## Supplied data

=== Begin Enclosure ===

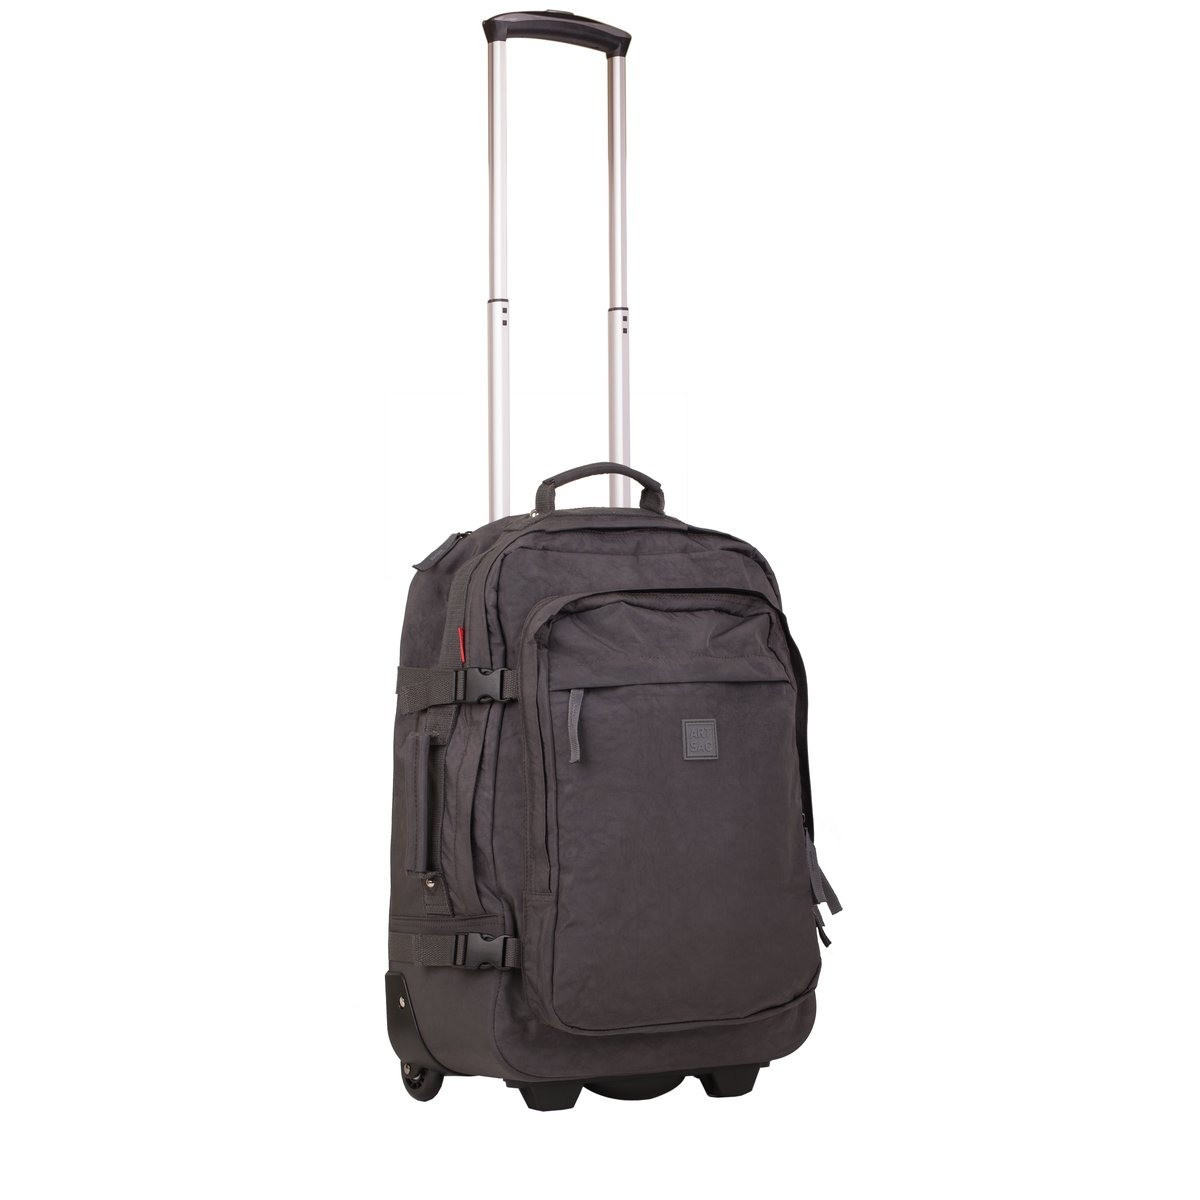 Medium Luggage / Trolley Case - Frnt Pkt
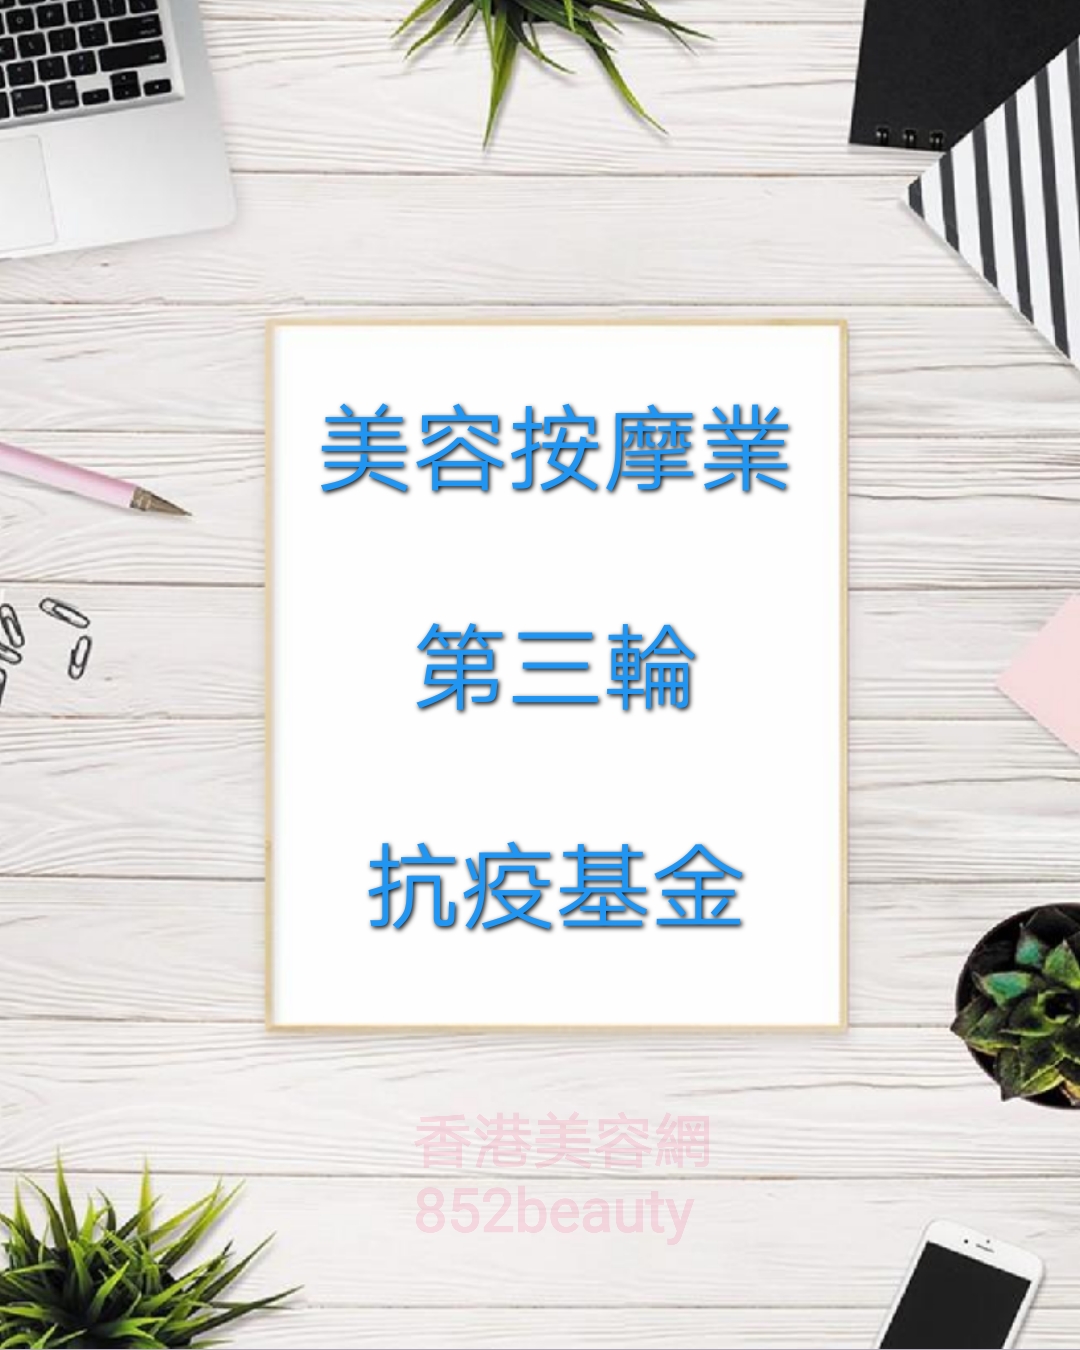 香港美容網 Hong Kong Beauty Salon  今期焦點, 熱話, 資訊: 第三輪防疫抗疫基金「美容院、按摩院及派對房間資助計劃」
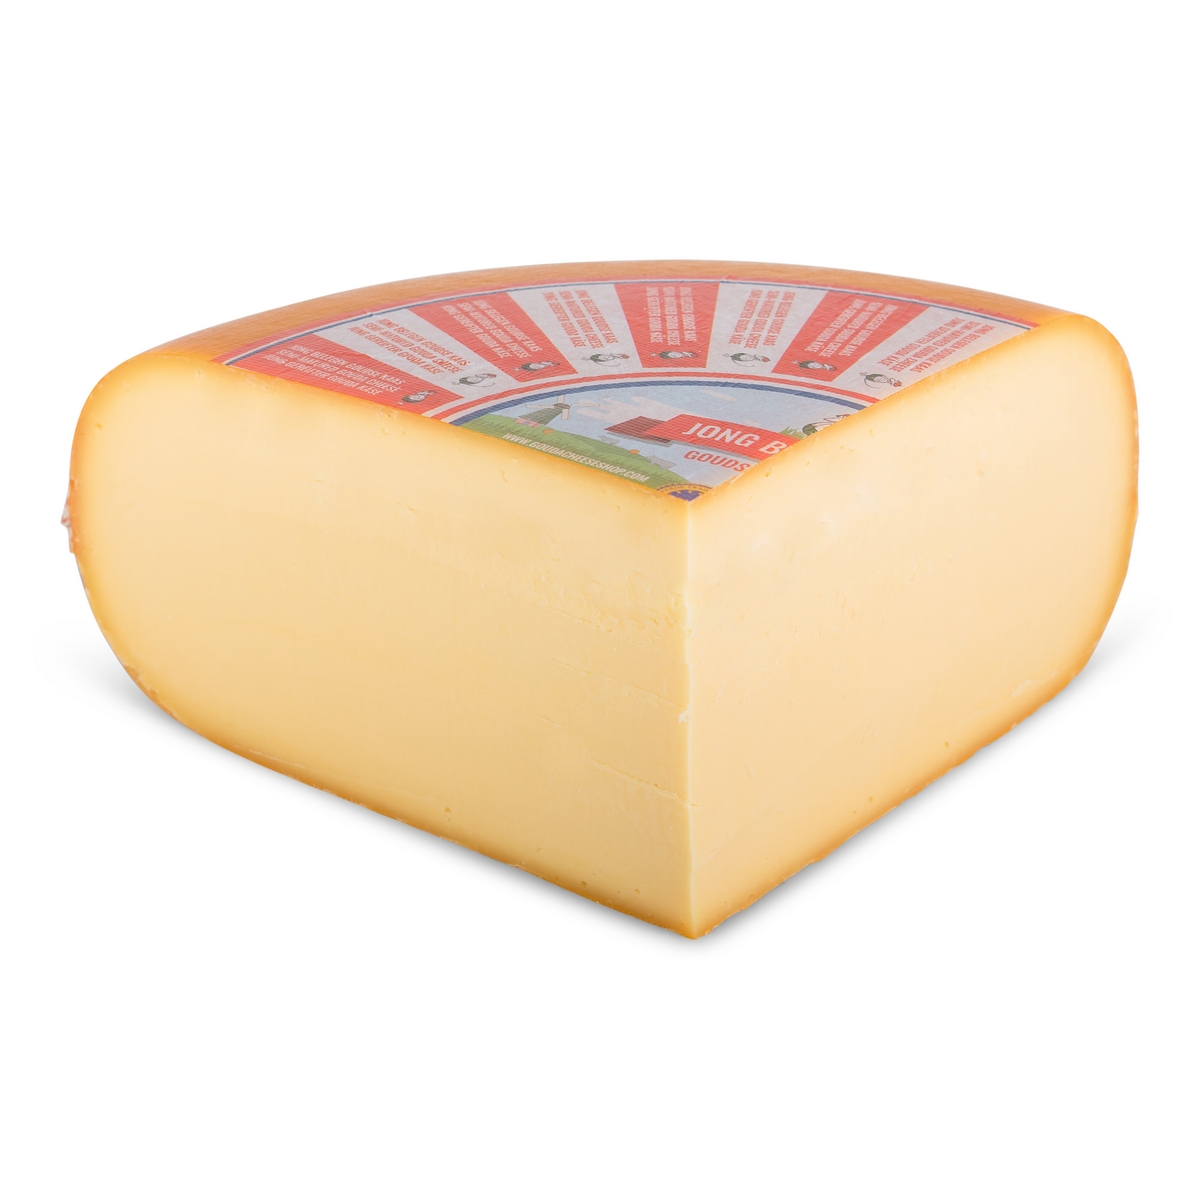 bestel 3 kg jong belegen goudse kaas gemakkelijk en snel online deze 48 kaas wordt snel thuisbezorgd levering ...

=== End Enclosure ===

## To do
Omitting the images, copy the listing exactly.

## Response box
 Medium Luggage / Trolley Case - Frnt Pkt
 香港美容網 Hong Kong Beauty Salon  今期焦點, 熱話, 資訊: 第三輪防疫抗疫基金「美容院、按摩院及派對房間資助計劃」
 bestel 3 kg jong belegen goudse kaas gemakkelijk en snel online deze 48 kaas wordt snel thuisbezorgd levering ...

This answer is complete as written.